One of the troubling features of the scientific worldview for Berman is that it changes the questions we ask: “So long as men were content to ask why objects fell, why phenomena occurred, the question of how they fell or occurred was irrelevant. These two questions are not mutually exclusive, at least not in theory; but in historical terms they have proven to be so. ‘How’ became increasingly important, ‘why’ increasingly irrelevant. In the twentieth century, as we shall see, ‘how’ has become our ‘why’” (28). This, in fact, is not so different from what Wertheim argues.
This obsession with the how has caused us to view the world as being a big, complex, machine.
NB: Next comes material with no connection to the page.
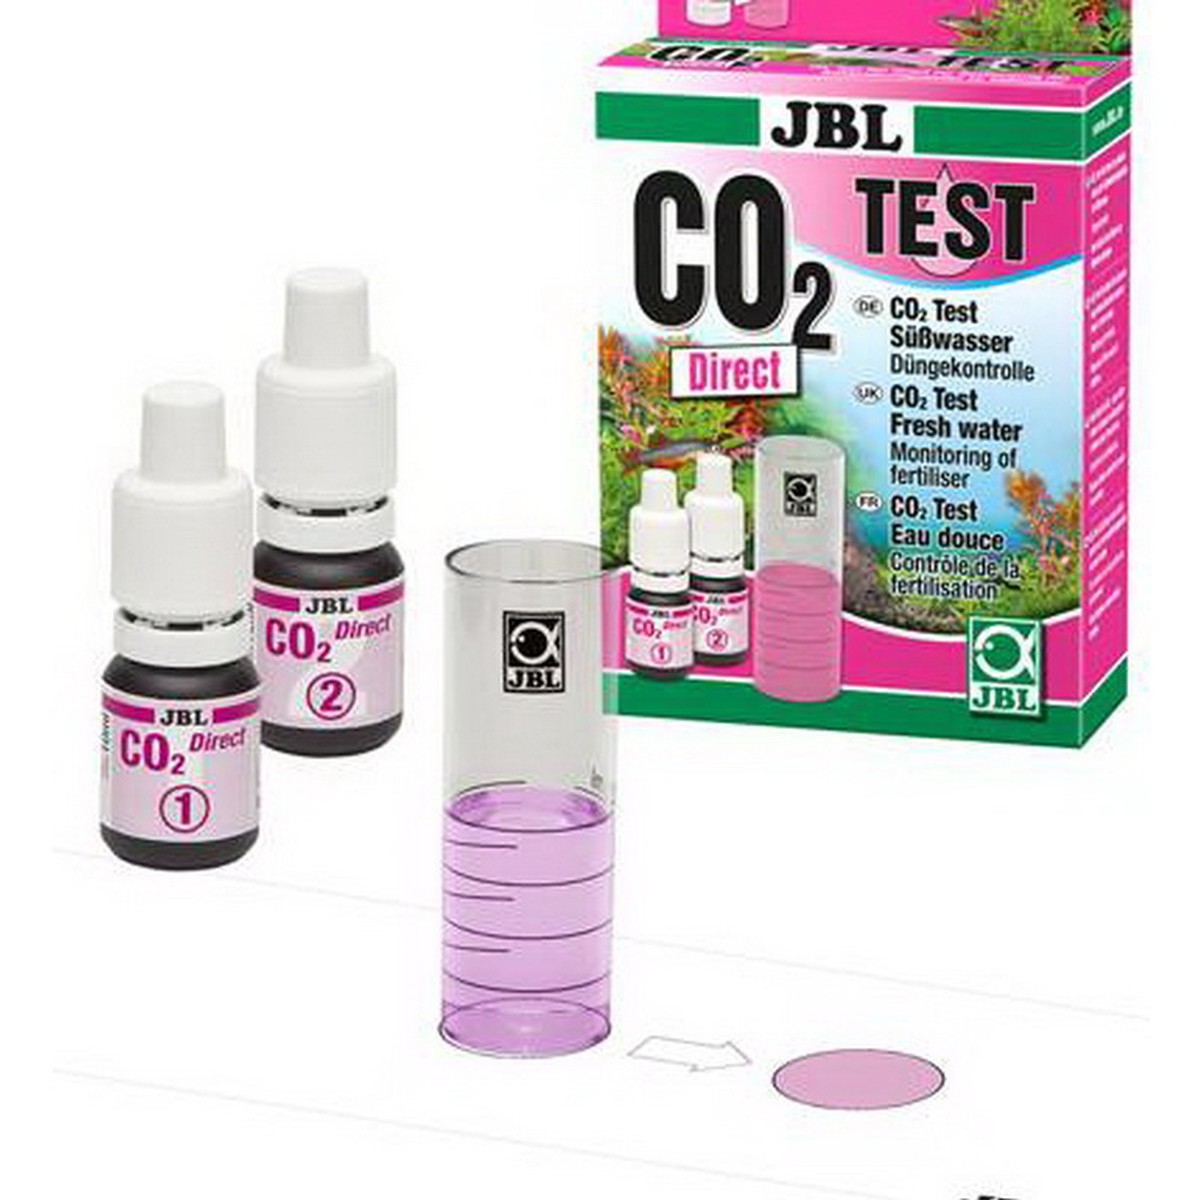   JBL CO2 Direct Test-Set

For example, “Man’s activity as a thinking being – and that is his essence, according to Descartes – is purely mechanical” (34). From this perspective, we have developed the scientific method (which further reinforces this worldview, it should be noted): “Subdivide, measure, combine; subdivide, measure, combine…. This method may properly be called ‘atomistic,’ in the sense that knowing consists of subdividing a thing into its smallest components” (34). Max Weber recognized how this kind of thinking stripped hitherto natural processes of purpose, making them meaningful or valuable only insomuch as they are instrumentally valuable, profitable, expedient: “Max Weber called this attitude of mind zweckrational, that is, purposively rational, or instrumentally rational” (40).
The other goal of science is control; obsessive, pathological control: “Finally, atomism, quantifiability, and the deliberate act of viewing nature as an abstraction from which one can distance oneself – all open the possibility that Bacon proclaimed as the true goal of science: control” (46). Calculation was of course necessary for the development of modern capitalism; and “The German sociologist Georg Simmel argued that the money economy ‘created the ideal of exact numerical calculation,’ and that the ‘mathematically exact interpretation of the cosmos’ was the ‘theoretical counterpart of a money economy’” (55).
And, as I have been harping on about forever, the result is that, “modern science is grounded in a sharp distinction between fact and value; it can only tell us how to do something, not what to do or whether we should do it” (51).
But what to make of such things as quantum entanglement and the role of the observer in the shaping of reality? These too are offered by the scientific worldview.